# So proud of Allie



## brembo (Jun 30, 2009)

I took Allie to see my grand-niece today. Allie hasn't been around many little kids yet, so i figured I'd take her to see my sister and my grand-niece. Grand-niece is used to big dogs(Siberian and a GSD) so she's pretty well out of the scared of big doggies mode.

Allie was a saint, she was outgoing and interested in everything. She especially liked my brother-in-law, who is, simply put, a dog wrapped up in human flesh. Allen is 3/4 Cherokee Indian, adores being outside, be it hunting or fishing or whatever. He's the guy that you will find rolling on the floor with the dogs while everyone else is having adult conversations.

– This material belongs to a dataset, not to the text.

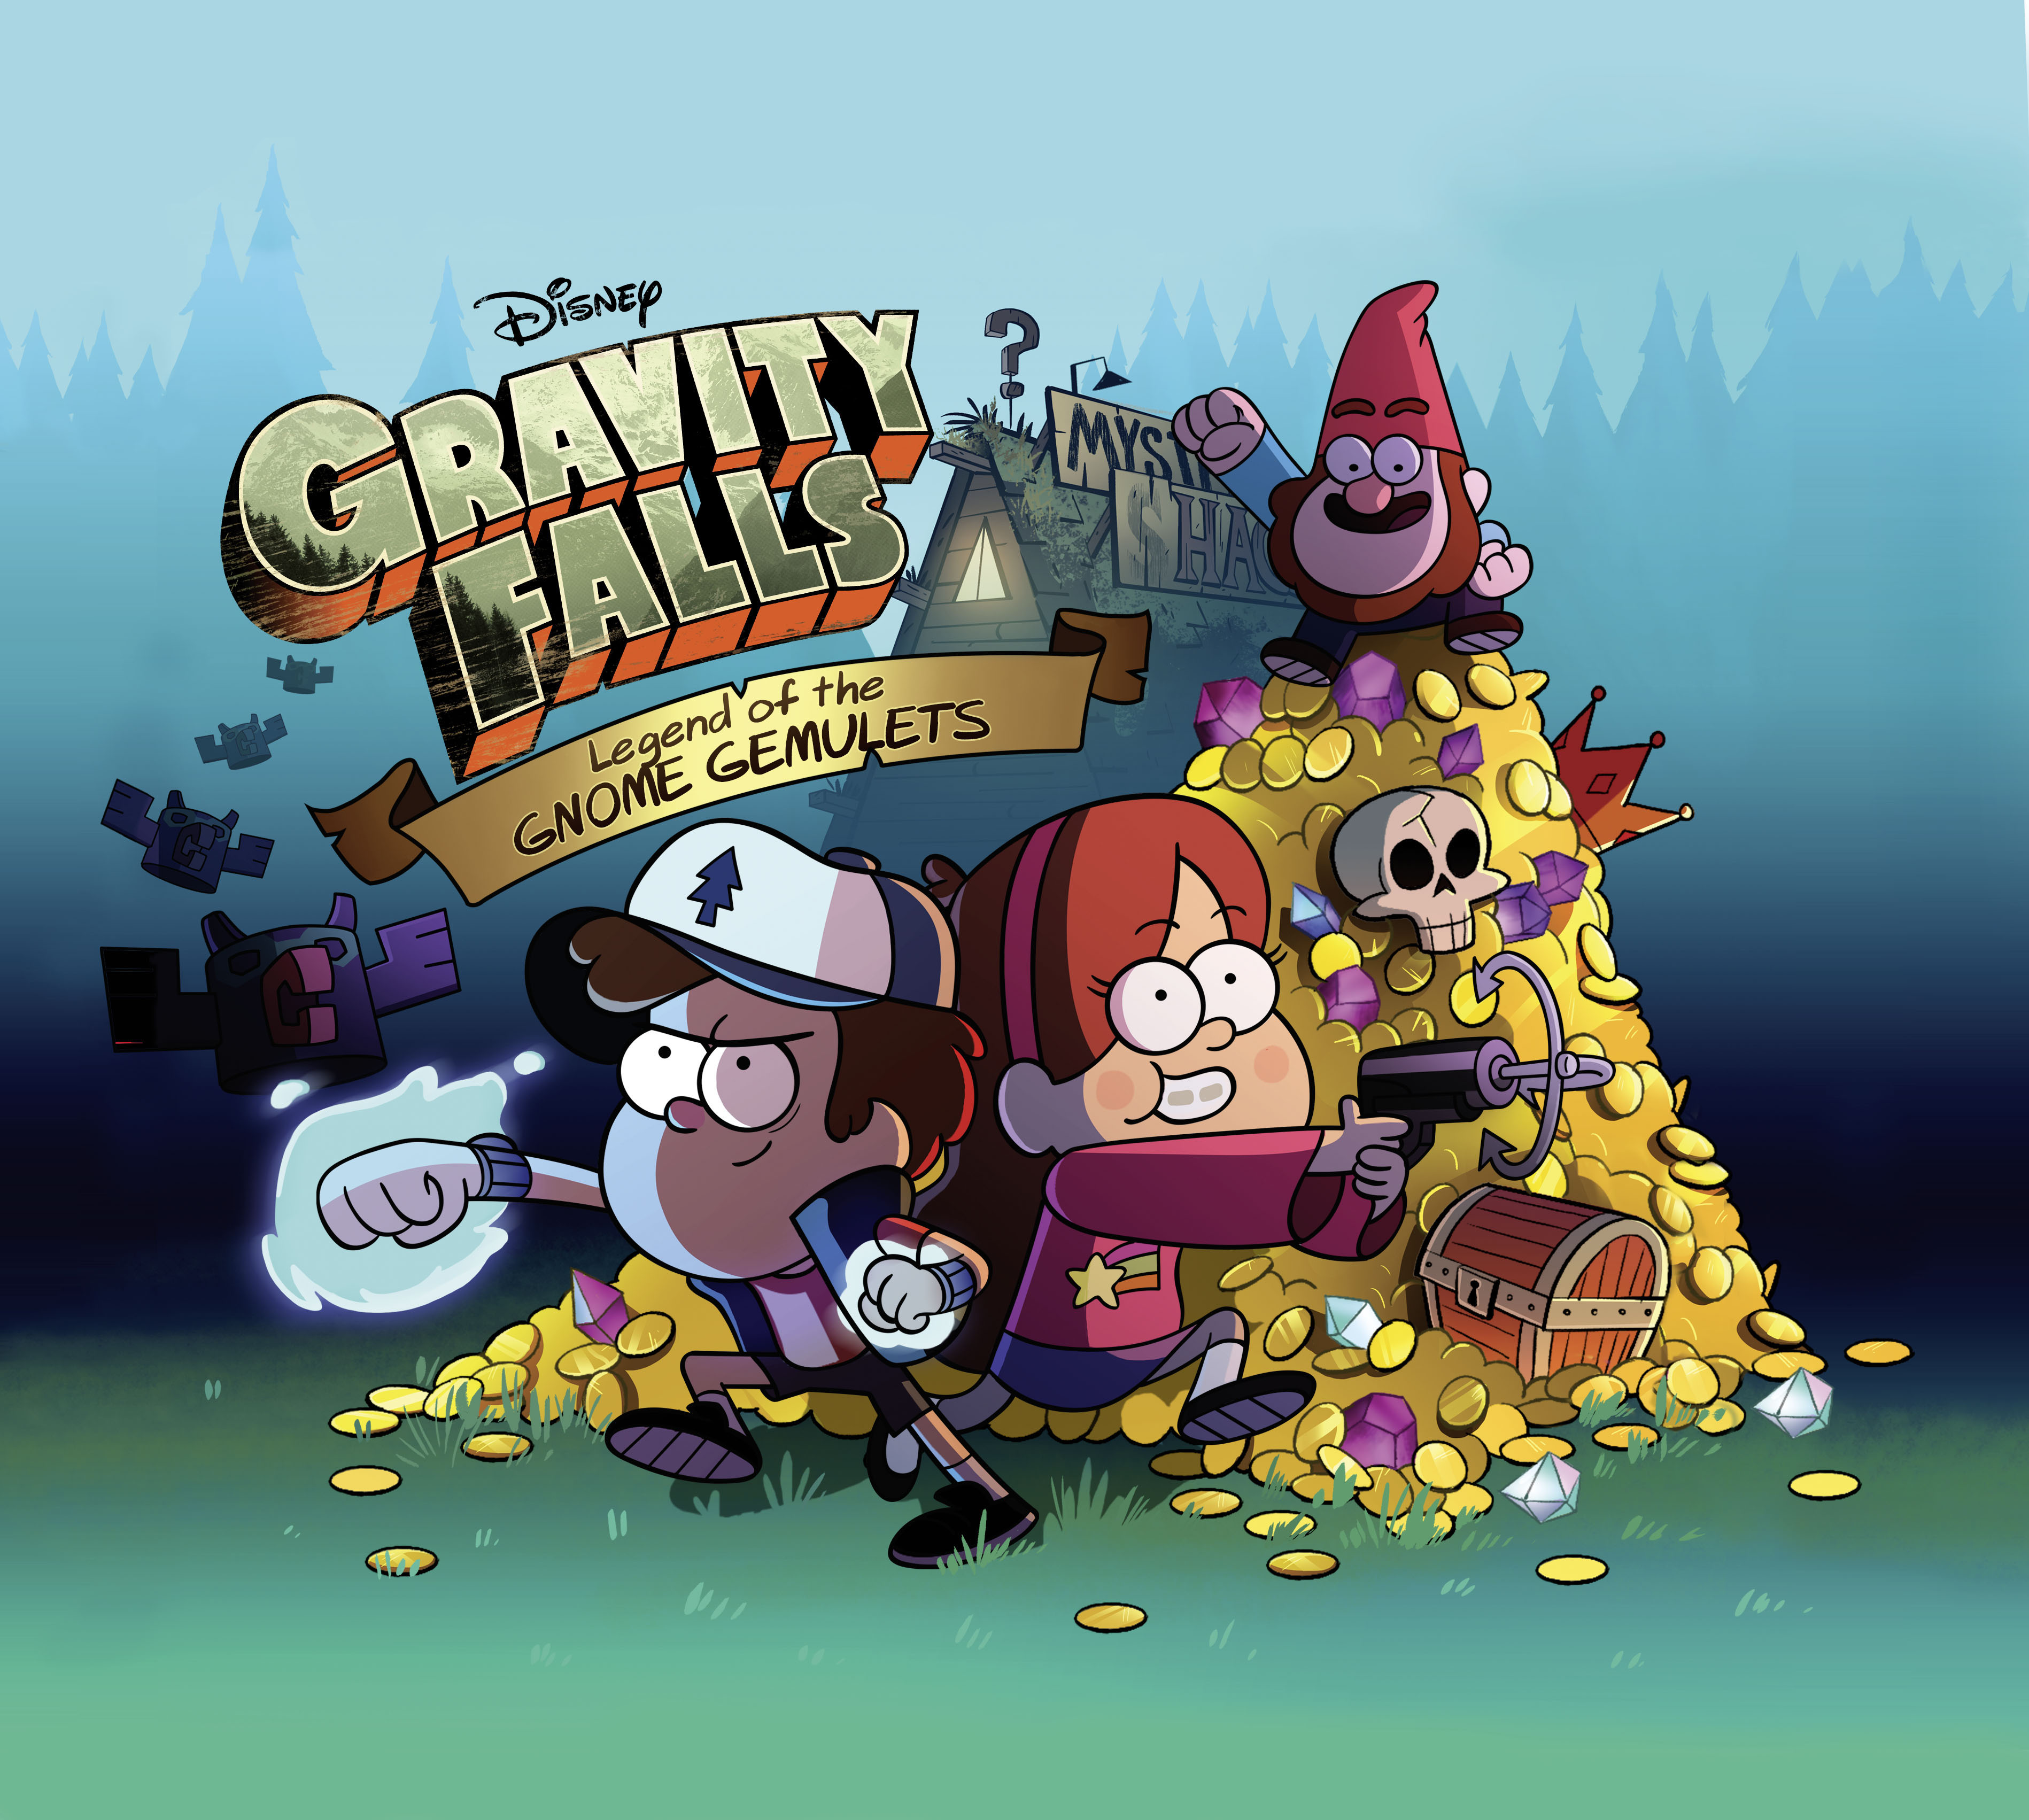 Gravity Falls: Legend of the Gnome Gemulets, annunciato ufficialmente

Dogs dig him almost universally. Allie jumped up in his lap and nested for a while, Allen was beside himself.

Anyway, Allie was gentle and playful with the 2 y/o. Kisses and headrubs galore. I showed the g-niece how to get her amped up, basically just harassing her muzzle some. Allie moaned and play growled like normal but no teeth at all, some dogs just get that the small two-legs require a more gentle play scheme. Allie sat for her, laid down and really seemed focused on the little girl. Allie would look to me every few seconds to make sure I was okay with the proceedings and a simple "good girl" sent her back to her new surroundings. 

We stopped at Chik-Fil-A as a treat, 8 nuggets for being such a good girl. I nibbled the crunchy bits off, love the taste. I even gave her a taste of Coke, which she promptly spit back on my pants.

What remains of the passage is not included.